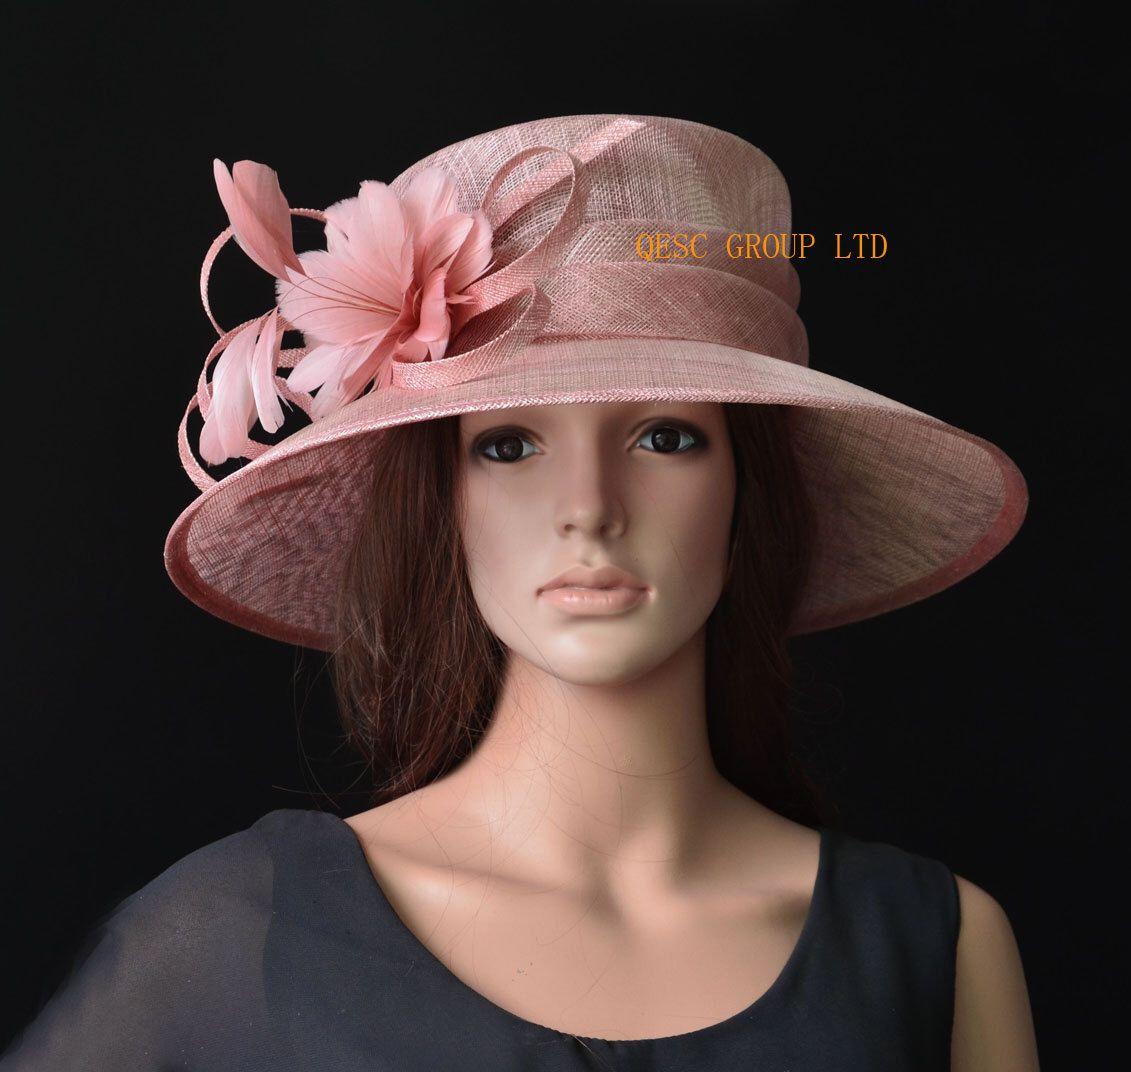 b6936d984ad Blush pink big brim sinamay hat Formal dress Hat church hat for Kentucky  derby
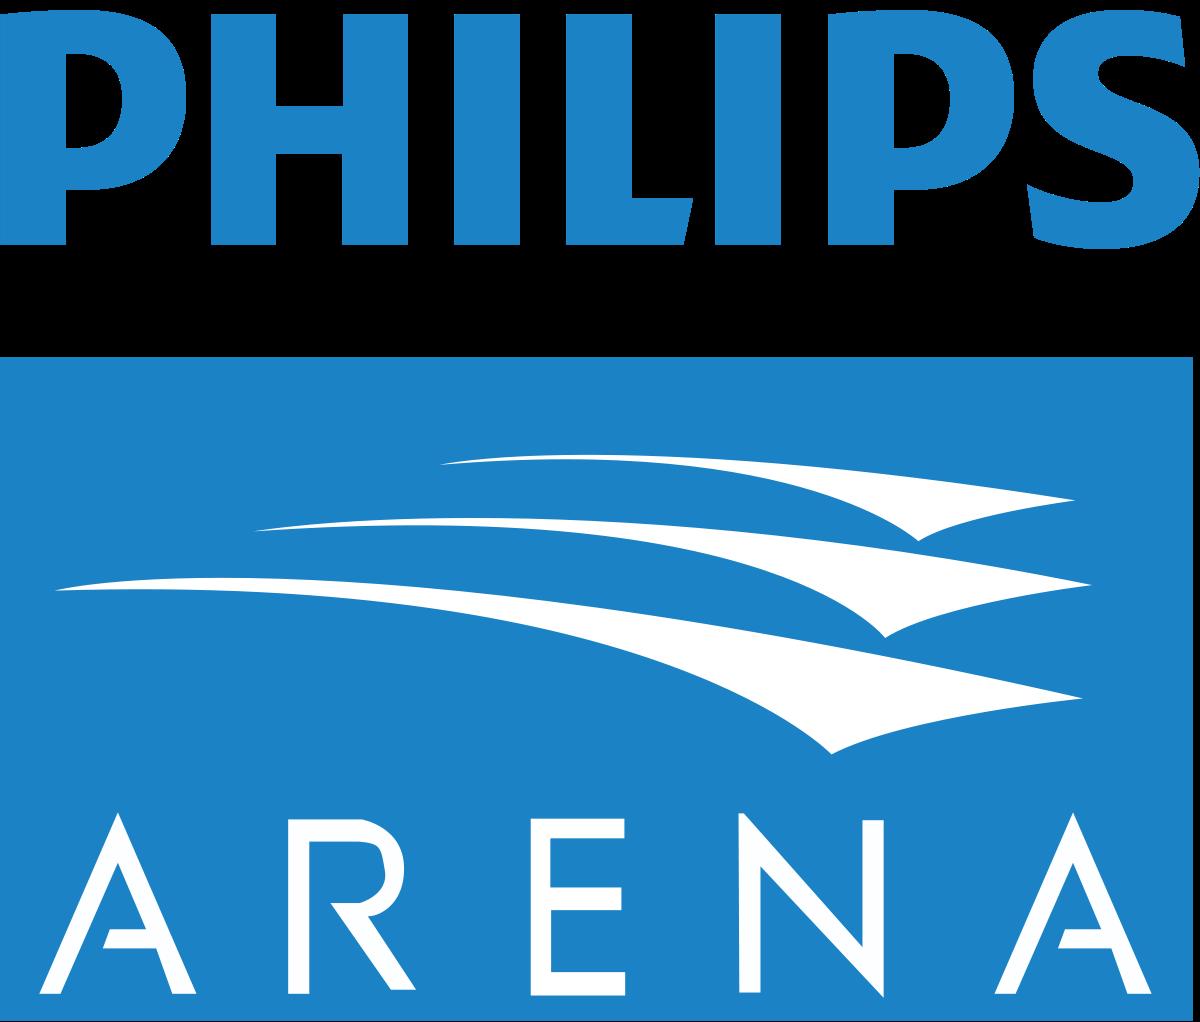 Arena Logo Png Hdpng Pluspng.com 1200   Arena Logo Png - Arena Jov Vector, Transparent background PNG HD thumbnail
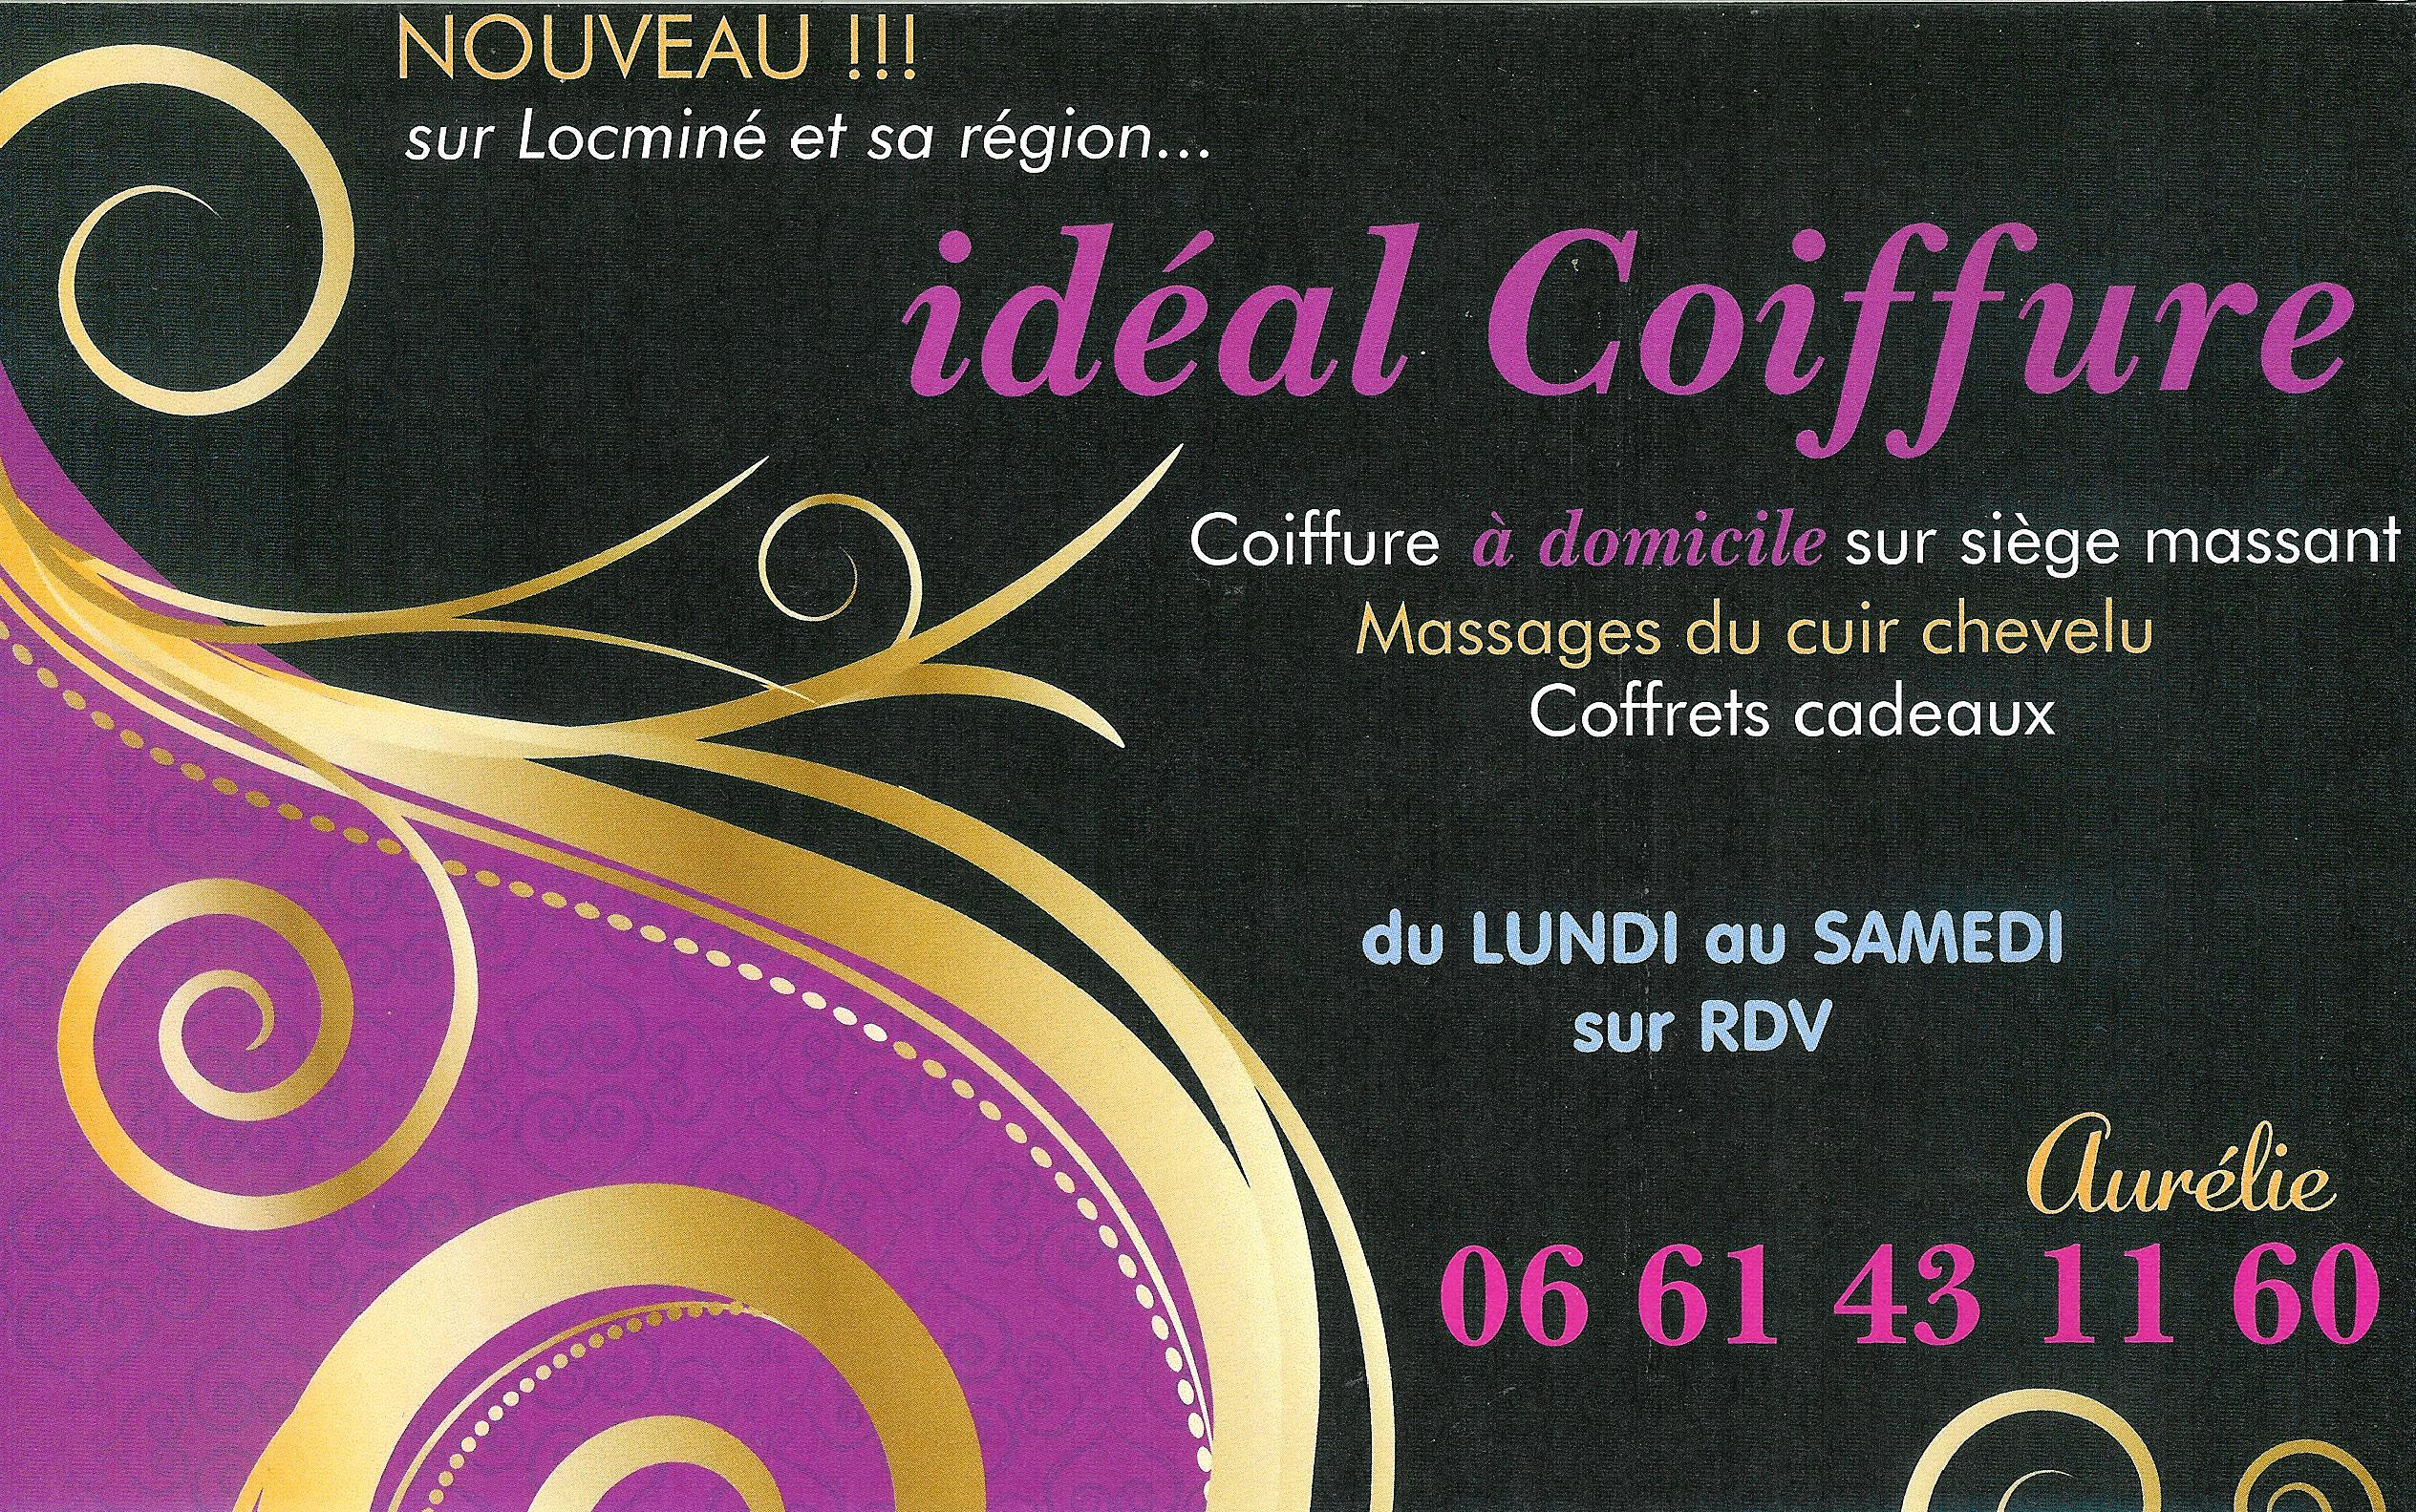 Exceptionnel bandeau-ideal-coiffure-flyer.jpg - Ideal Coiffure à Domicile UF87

■ ■ ■ ■

# What the task requires:
The whole listing above, word for word: repeat it with the pictures excluded.

# Output of the task:
 b6936d984ad Blush pink big brim sinamay hat Formal dress Hat church hat for Kentucky  derby
 Arena Logo Png Hdpng Pluspng.com 1200   Arena Logo Png - Arena Jov Vector, Transparent background PNG HD thumbnail
 Exceptionnel bandeau-ideal-coiffure-flyer.jpg - Ideal Coiffure à Domicile UF87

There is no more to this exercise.